§ **Supplied data**:

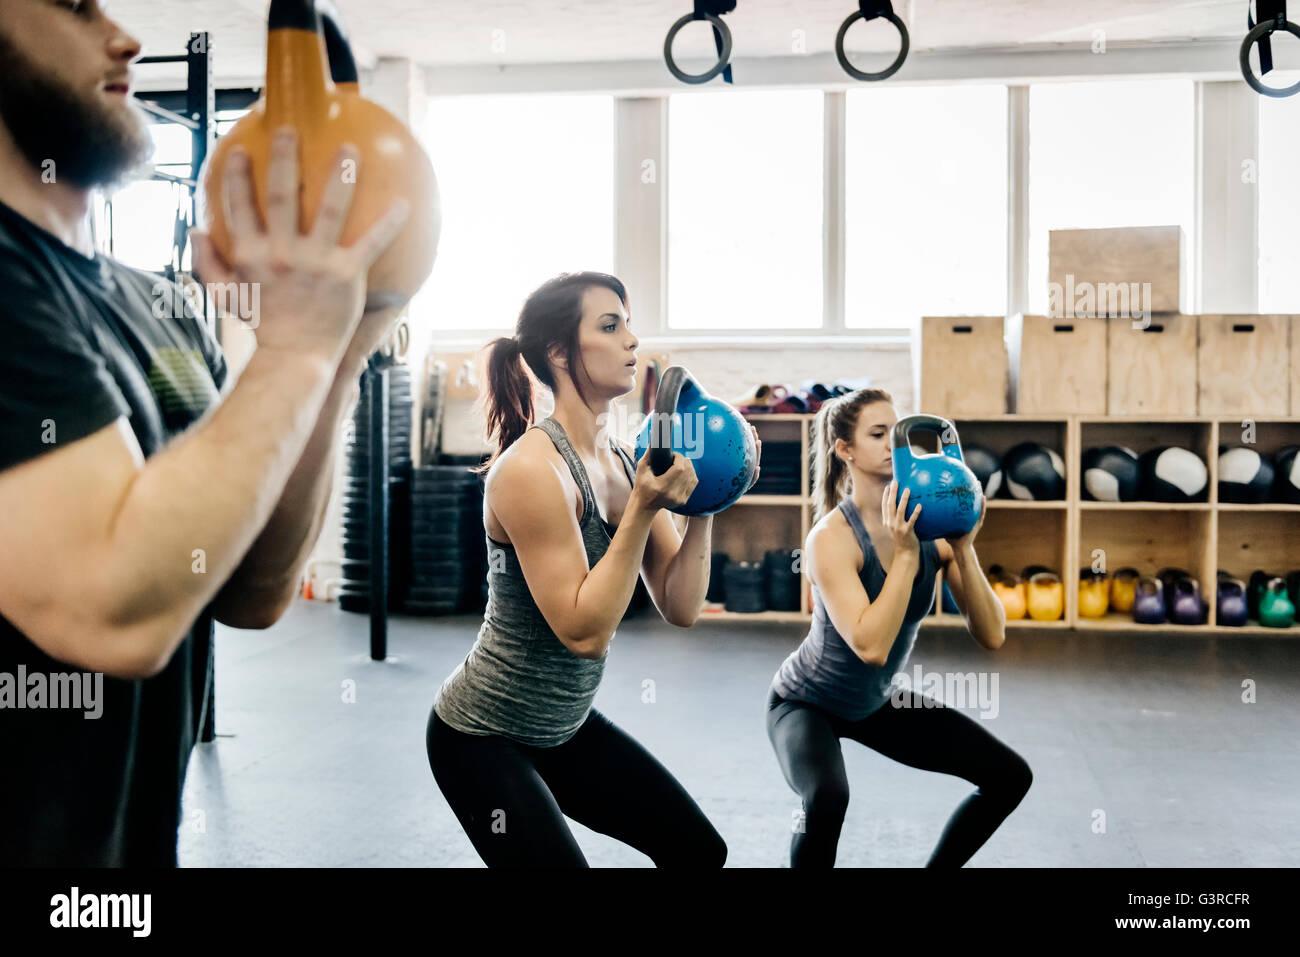 L'Allemagne, les jeunes femmes et l'homme l'entraînement avec kettlebells in gym Banque D'Images
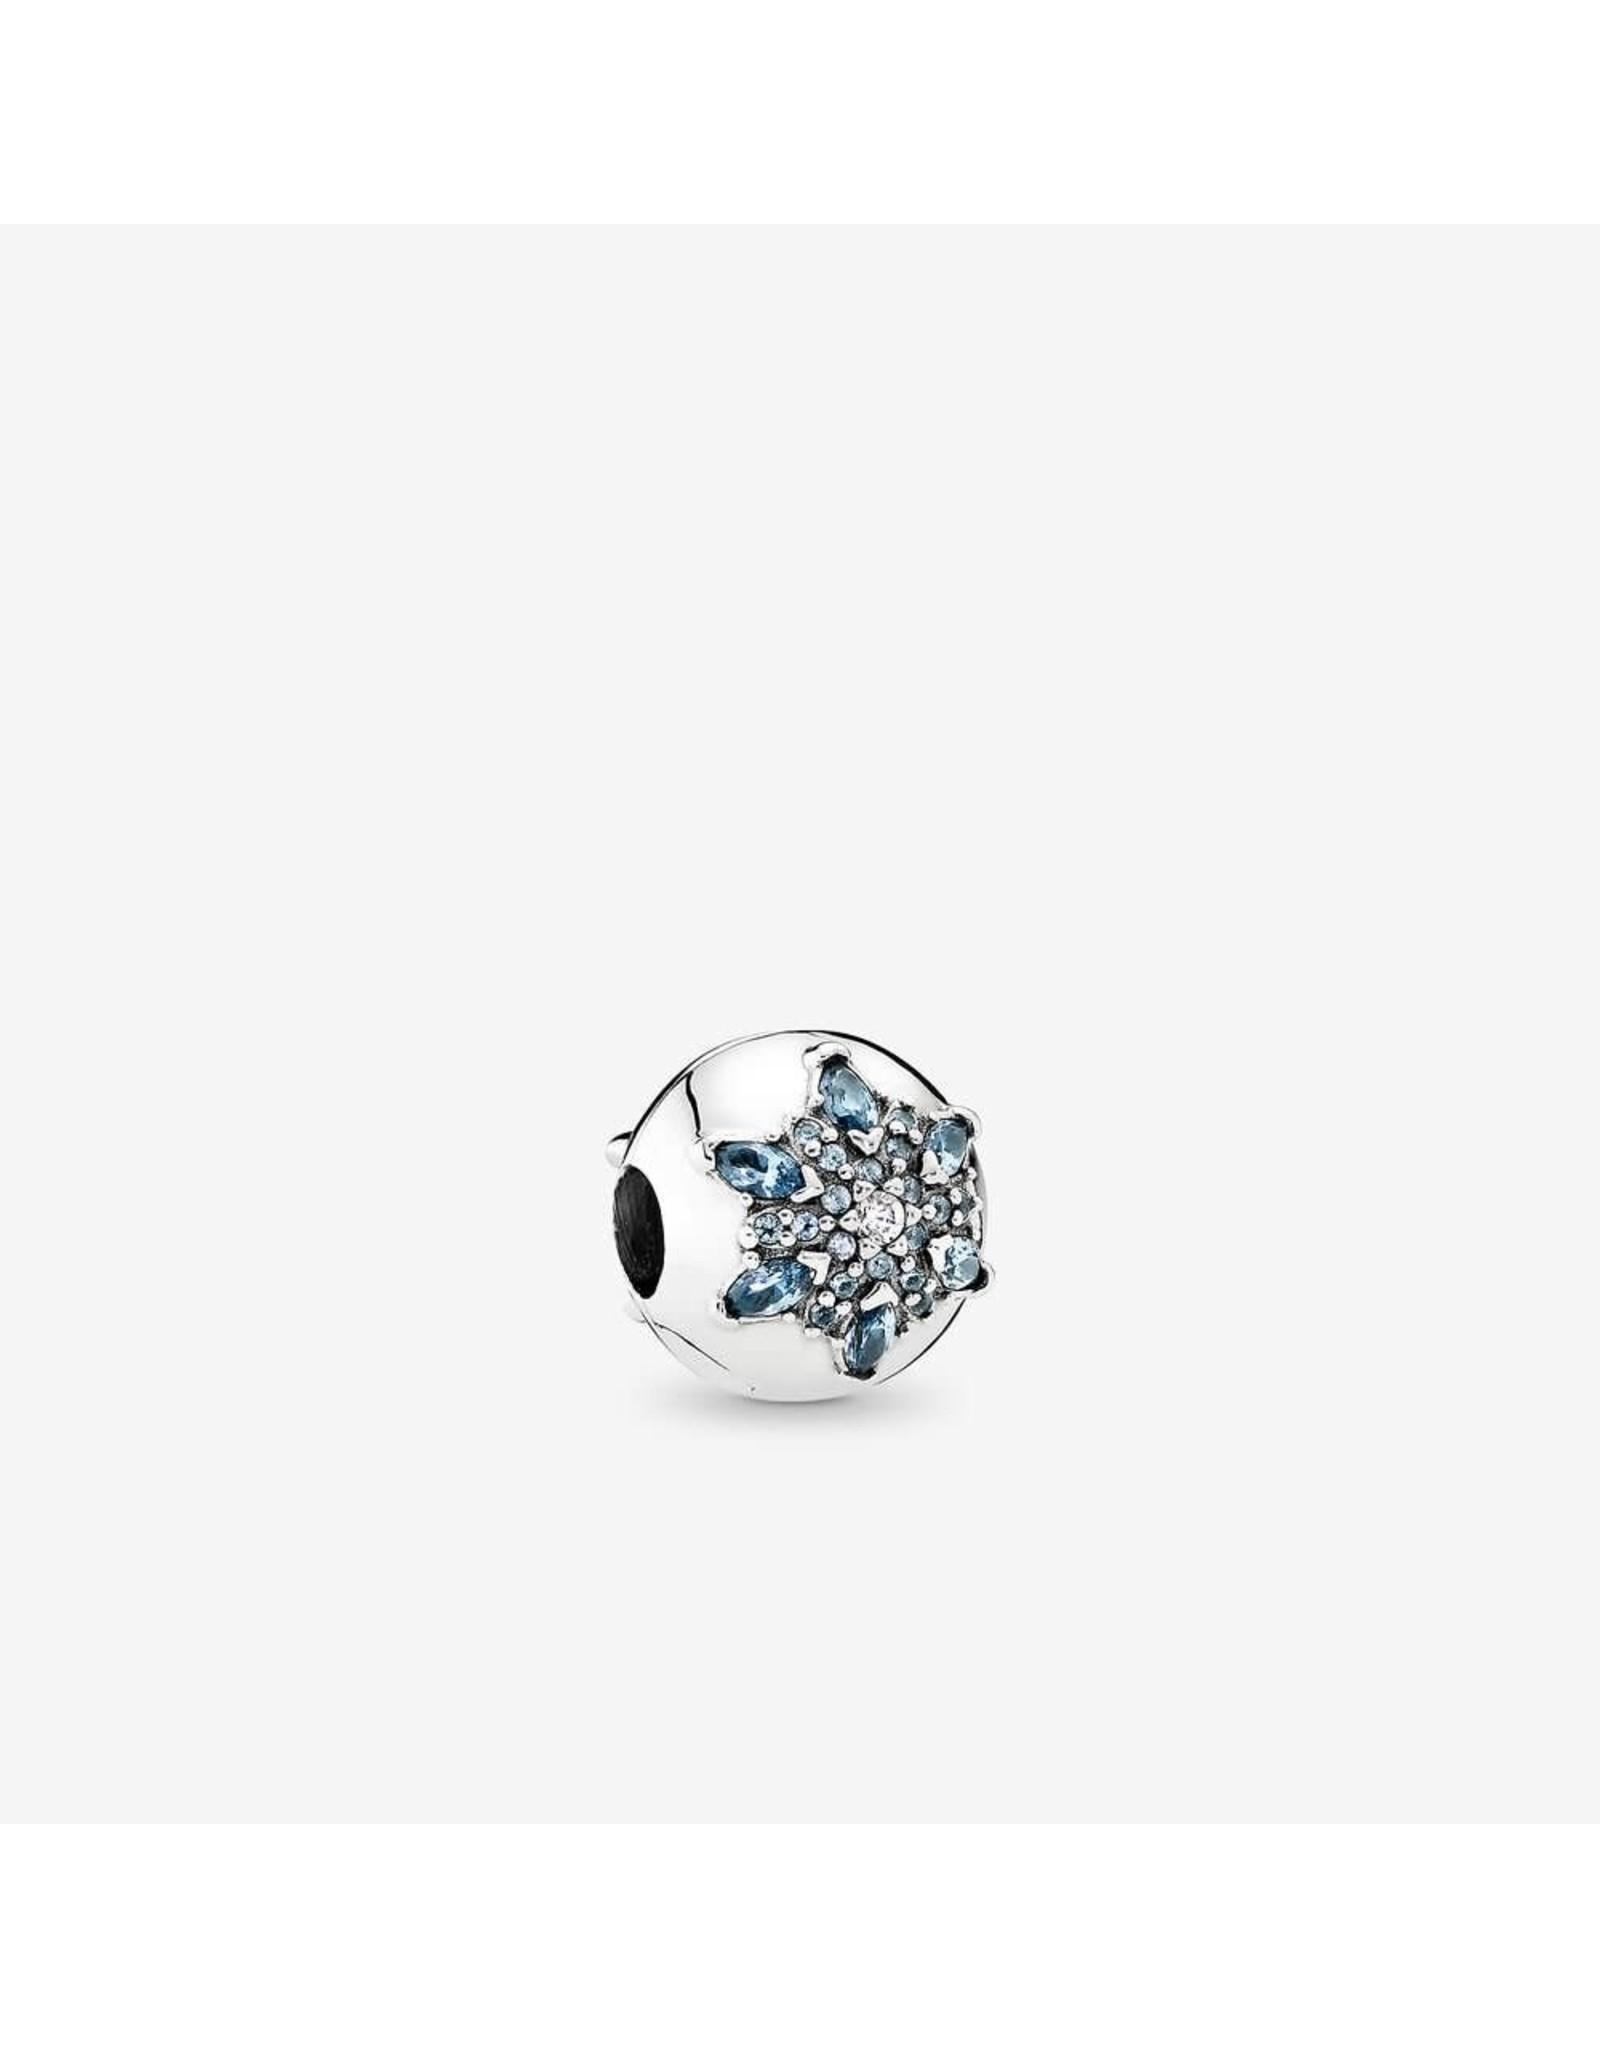 Pandora Pandora Clip, Crystallised Snowflake, Multi-Coloured Crystal & Clear CZ
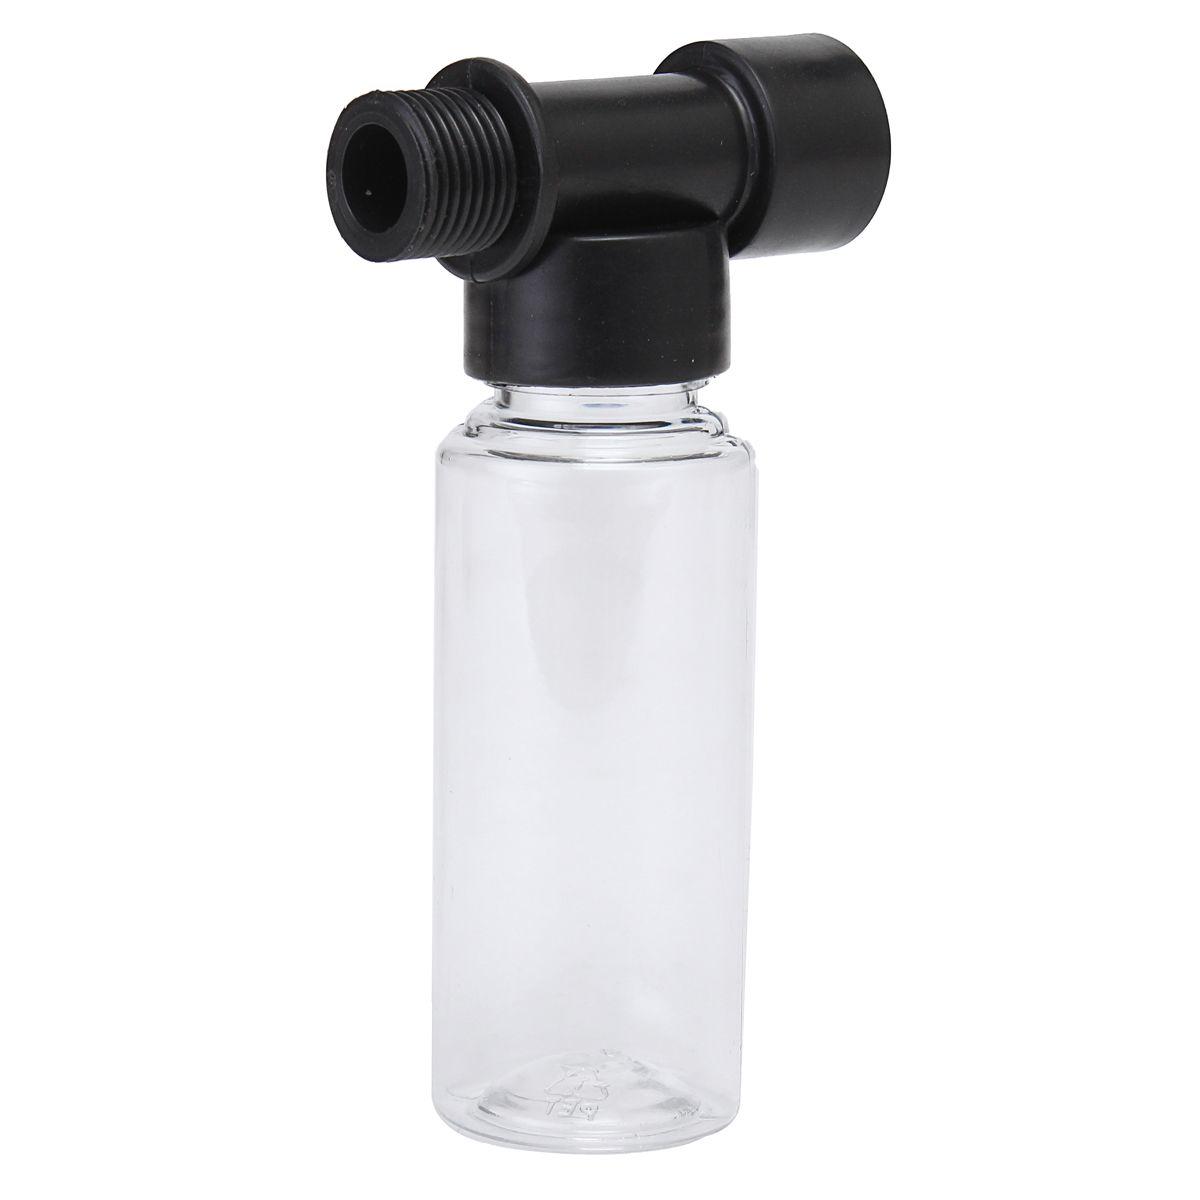 60mL Bubble Pot Car Wash High Pressure Power Washer Sprayer Spray Nozzle Gun Bottle

§ **What is expected**: Would you return all of the data above word for word, omitting every picture?

§ **Expected answer**:
 L'Allemagne, les jeunes femmes et l'homme l'entraînement avec kettlebells in gym Banque D'Images
 Pandora Pandora Clip, Crystallised Snowflake, Multi-Coloured Crystal & Clear CZ
 60mL Bubble Pot Car Wash High Pressure Power Washer Sprayer Spray Nozzle Gun Bottle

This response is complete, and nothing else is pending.